**Work item**
Return the lines of the listing below exactly as they appear, beginning at the one with "baku city old" and stopping after the one with "rodaban (conjugacin)"; do not include pictures.

**Data**
== == ==
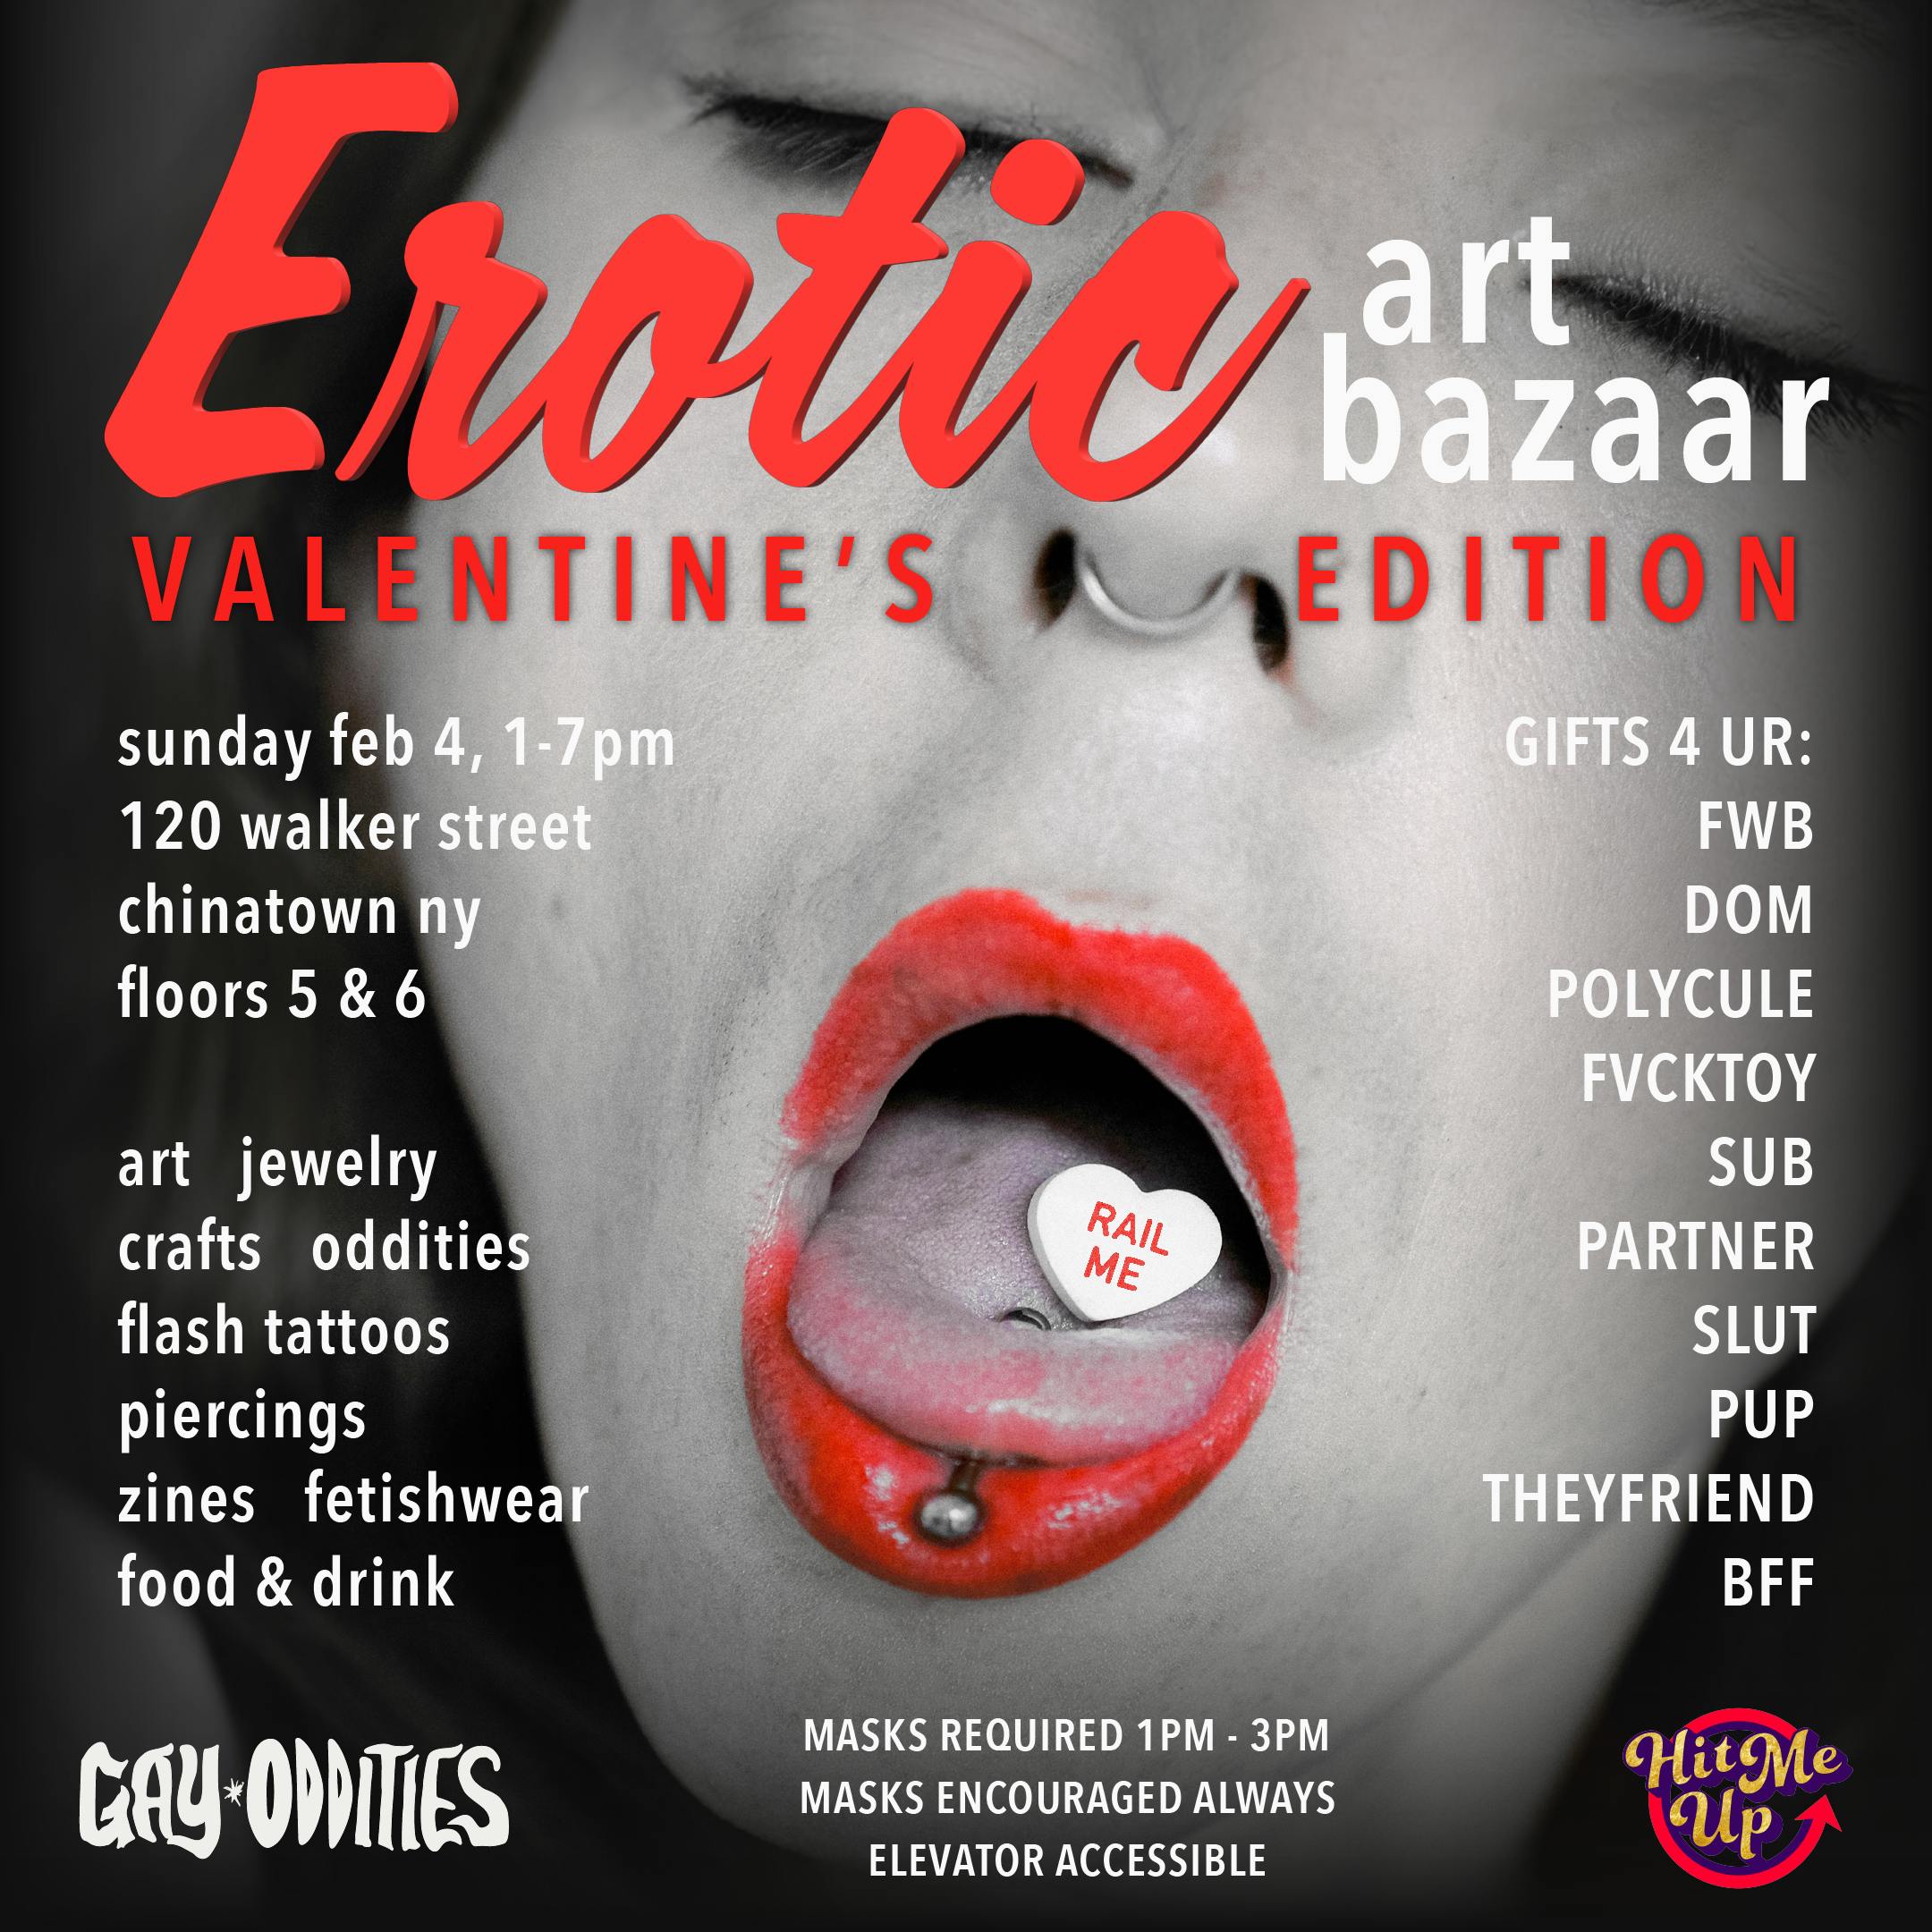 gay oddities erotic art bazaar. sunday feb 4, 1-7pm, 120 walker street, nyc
== == ==
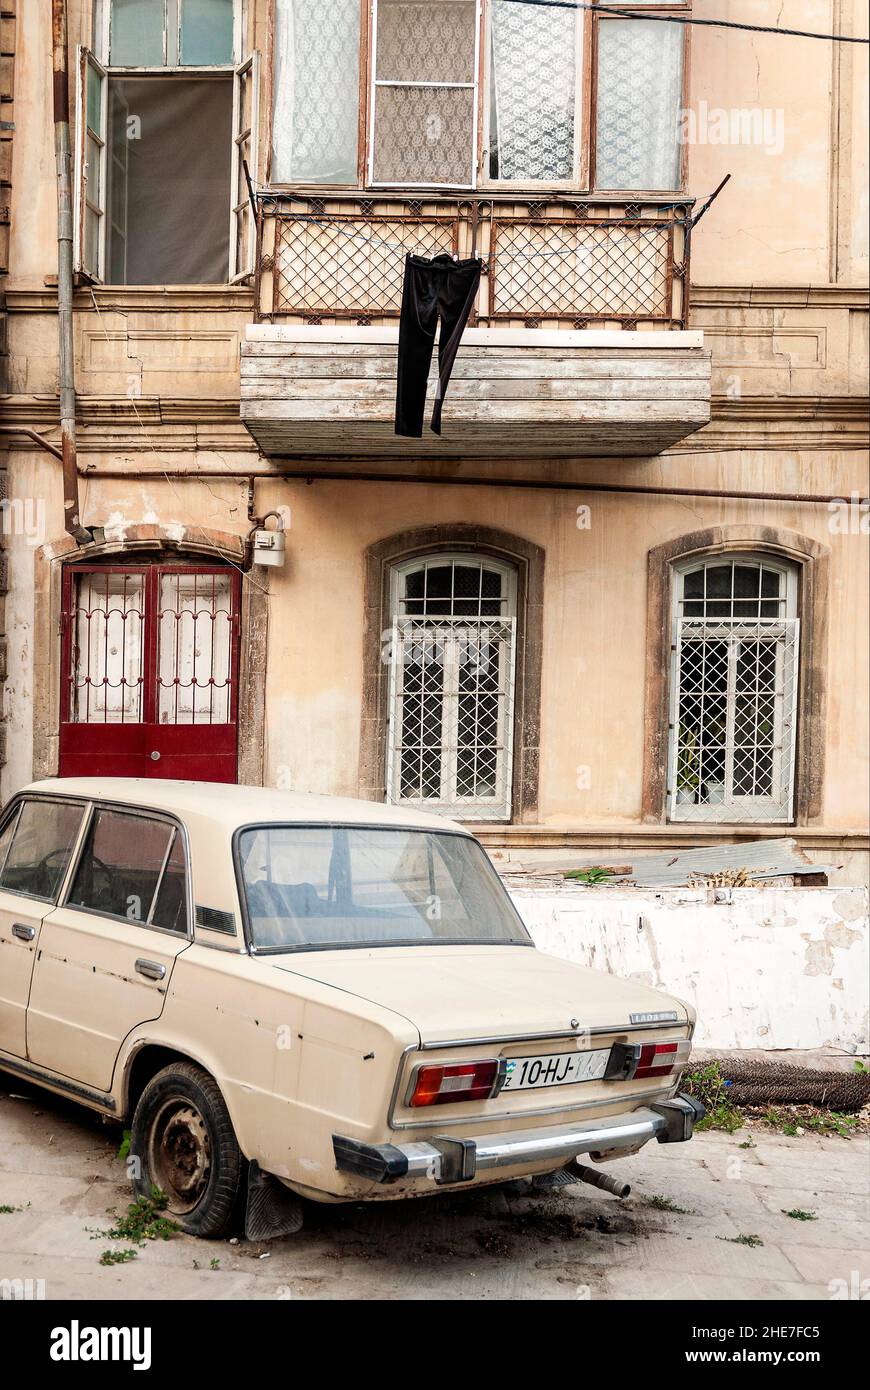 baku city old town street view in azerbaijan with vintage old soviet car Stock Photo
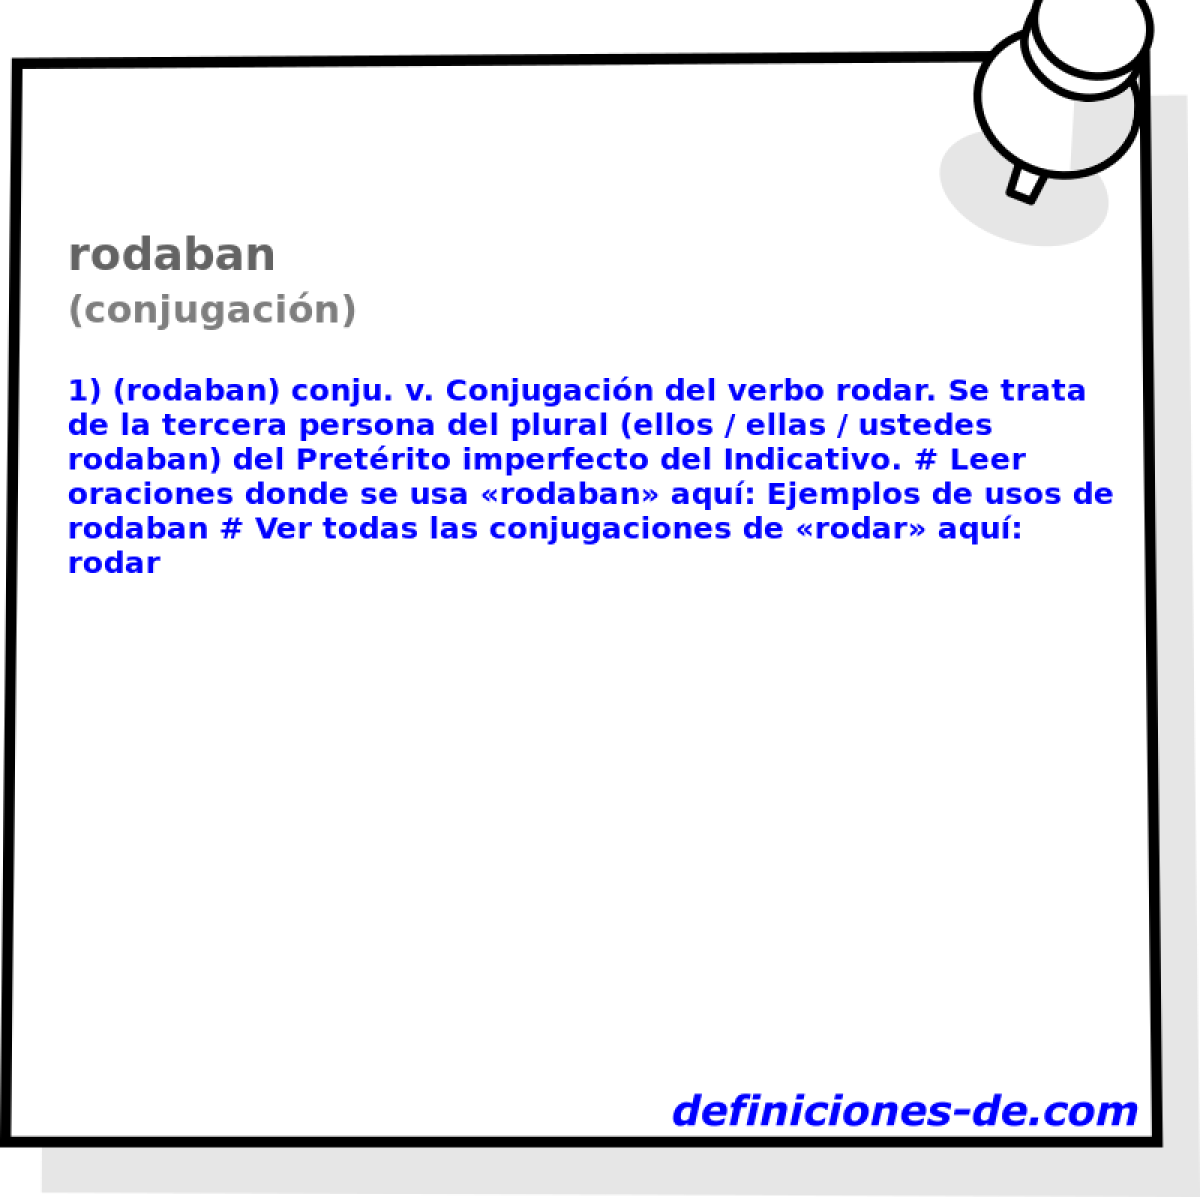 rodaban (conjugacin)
== == ==
**Output of the task**
 baku city old town street view in azerbaijan with vintage old soviet car Stock Photo
 rodaban (conjugacin)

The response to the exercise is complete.